Dr. Fukuyama has written widely on issues in development and international politics. His 1992 book, The End of History and the Last Man, has appeared in over twenty foreign editions. His book In the Realm of the Last Man: A Memoir will be published in fall 2026.

Francis Fukuyama received his B.A. from Cornell University in classics, and his Ph.D. from Harvard in Political Science. He was a member of the Political Science Department of the RAND Corporation, and of the Policy Planning Staff of the US Department of State. From 1996-2000 he was Omer L. and Nancy Hirst Professor of Public Policy at the School of Public Policy at George Mason University, and from 2001-2010 he was Bernard L. Schwartz Professor of International Political Economy at the Paul H. Nitze School of Advanced International Studies, Johns Hopkins University. He served as a member of the President’s Council on Bioethics from 2001-2004. He is editor-in-chief of American Purpose, an online journal.

Dr. Fukuyama holds honorary doctorates from Connecticut College, Doane College, Doshisha University (Japan), Kansai University (Japan), Aarhus University (Denmark), the Pardee Rand Graduate School, and Adam Mickiewicz University (Poland).
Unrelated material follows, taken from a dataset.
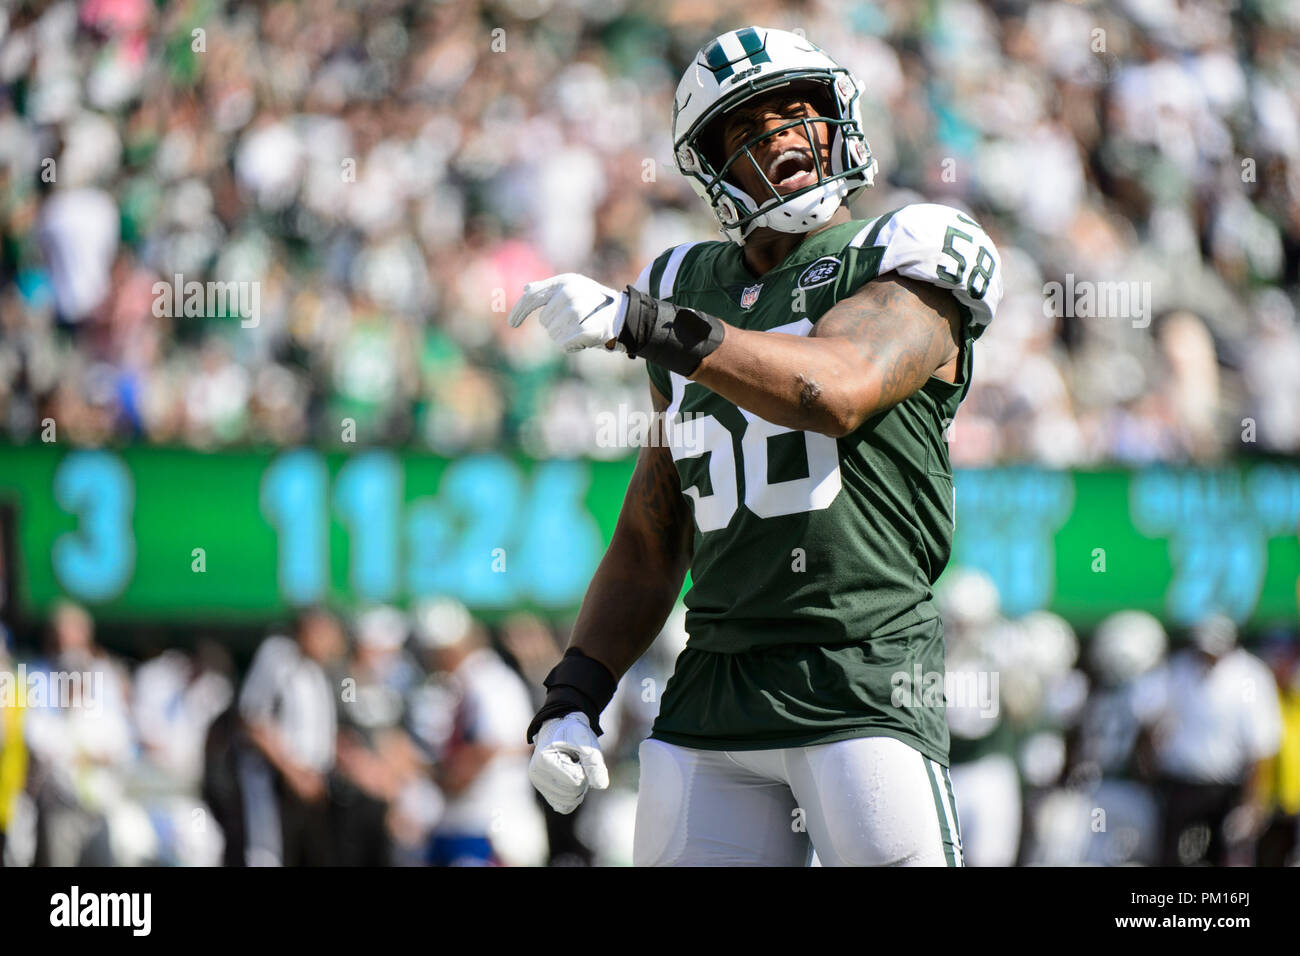 East Rutherford, NJ, USA. 16th Sep, 2018. New York Jets linebacker Darron Lee (58) reacts after a turnover in the second half during the game between The New York Jets and The Miami Dolphins at Met Life Stadium in East Rutherford, NJ. The Miami Dolphins defeat The New York Jets 20-12. Mandatory Credit: Kostas Lymperopoulos/CSM/Alamy Live News Stock Photo

He is a non-resident fellow at the Carnegie Endowment for International Peace. He is a member of the Board of Trustees of the Rand Corporation, the Board of Trustees of Freedom House, and the Board of the Volcker Alliance. He is a fellow of the National Academy for Public Administration, a member of the American Political Science Association, and of the Council on Foreign Relations. He is married to Laura Holmgren and has three children.